How to complete this task
Your task is to filter the data below down to the lines holding "Family".
══ Data listing ══
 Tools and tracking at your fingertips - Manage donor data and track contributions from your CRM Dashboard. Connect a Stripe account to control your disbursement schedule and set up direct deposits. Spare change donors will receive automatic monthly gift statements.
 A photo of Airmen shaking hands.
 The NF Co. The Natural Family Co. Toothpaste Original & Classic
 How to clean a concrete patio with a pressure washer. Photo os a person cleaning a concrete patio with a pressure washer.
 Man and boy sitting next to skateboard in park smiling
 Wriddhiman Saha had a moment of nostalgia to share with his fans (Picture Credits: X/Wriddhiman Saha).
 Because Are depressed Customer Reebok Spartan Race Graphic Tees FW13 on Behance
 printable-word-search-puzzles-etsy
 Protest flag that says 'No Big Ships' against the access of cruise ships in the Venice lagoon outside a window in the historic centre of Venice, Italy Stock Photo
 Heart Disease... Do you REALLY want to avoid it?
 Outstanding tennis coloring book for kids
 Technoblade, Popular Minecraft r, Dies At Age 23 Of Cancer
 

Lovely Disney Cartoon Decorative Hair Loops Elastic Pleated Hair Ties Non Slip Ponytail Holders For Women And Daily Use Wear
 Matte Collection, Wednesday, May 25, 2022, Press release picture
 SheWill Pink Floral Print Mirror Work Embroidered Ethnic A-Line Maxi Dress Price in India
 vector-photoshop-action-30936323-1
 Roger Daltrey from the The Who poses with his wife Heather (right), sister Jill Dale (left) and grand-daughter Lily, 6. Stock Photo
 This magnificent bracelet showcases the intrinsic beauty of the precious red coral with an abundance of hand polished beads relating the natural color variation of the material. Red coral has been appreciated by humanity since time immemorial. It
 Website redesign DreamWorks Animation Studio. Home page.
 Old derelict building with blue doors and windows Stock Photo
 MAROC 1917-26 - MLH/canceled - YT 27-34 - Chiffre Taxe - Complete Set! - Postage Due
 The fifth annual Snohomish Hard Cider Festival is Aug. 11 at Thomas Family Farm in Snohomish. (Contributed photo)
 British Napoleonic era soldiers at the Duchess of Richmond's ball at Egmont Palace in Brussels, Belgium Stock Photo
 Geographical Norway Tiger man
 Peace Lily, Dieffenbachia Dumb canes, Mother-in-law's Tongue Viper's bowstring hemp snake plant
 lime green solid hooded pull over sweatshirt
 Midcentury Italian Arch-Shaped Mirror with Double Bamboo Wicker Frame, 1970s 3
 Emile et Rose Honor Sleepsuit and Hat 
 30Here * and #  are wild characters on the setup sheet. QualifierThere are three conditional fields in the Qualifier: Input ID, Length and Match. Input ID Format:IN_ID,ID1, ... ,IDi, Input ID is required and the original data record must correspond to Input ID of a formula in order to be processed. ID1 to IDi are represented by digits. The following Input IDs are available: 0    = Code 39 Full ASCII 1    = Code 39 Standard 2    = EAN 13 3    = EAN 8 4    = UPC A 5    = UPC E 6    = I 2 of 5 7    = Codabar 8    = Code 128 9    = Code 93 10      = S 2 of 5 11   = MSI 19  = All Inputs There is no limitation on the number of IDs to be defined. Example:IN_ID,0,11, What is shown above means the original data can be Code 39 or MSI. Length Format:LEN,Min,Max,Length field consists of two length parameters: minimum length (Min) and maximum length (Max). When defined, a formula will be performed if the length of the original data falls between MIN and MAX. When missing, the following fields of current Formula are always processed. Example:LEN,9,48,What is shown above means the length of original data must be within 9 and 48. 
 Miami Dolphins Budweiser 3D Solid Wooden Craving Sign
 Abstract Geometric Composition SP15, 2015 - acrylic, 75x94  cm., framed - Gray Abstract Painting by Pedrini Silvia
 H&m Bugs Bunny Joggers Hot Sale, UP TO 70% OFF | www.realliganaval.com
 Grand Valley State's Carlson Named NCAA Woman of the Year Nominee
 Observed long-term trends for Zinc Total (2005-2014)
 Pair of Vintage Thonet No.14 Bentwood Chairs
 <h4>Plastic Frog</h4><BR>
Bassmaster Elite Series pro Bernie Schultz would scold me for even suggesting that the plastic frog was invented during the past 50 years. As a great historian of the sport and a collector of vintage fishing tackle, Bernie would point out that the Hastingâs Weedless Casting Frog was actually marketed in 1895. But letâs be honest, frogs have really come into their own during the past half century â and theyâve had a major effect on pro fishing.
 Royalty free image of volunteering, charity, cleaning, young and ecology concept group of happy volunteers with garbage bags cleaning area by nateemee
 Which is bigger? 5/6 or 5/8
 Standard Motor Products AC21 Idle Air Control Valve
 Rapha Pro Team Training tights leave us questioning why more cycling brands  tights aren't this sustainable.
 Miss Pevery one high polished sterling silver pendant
═══
Written reply
 The NF Co. The Natural Family Co. Toothpaste Original & Classic
 The fifth annual Snohomish Hard Cider Festival is Aug. 11 at Thomas Family Farm in Snohomish. (Contributed photo)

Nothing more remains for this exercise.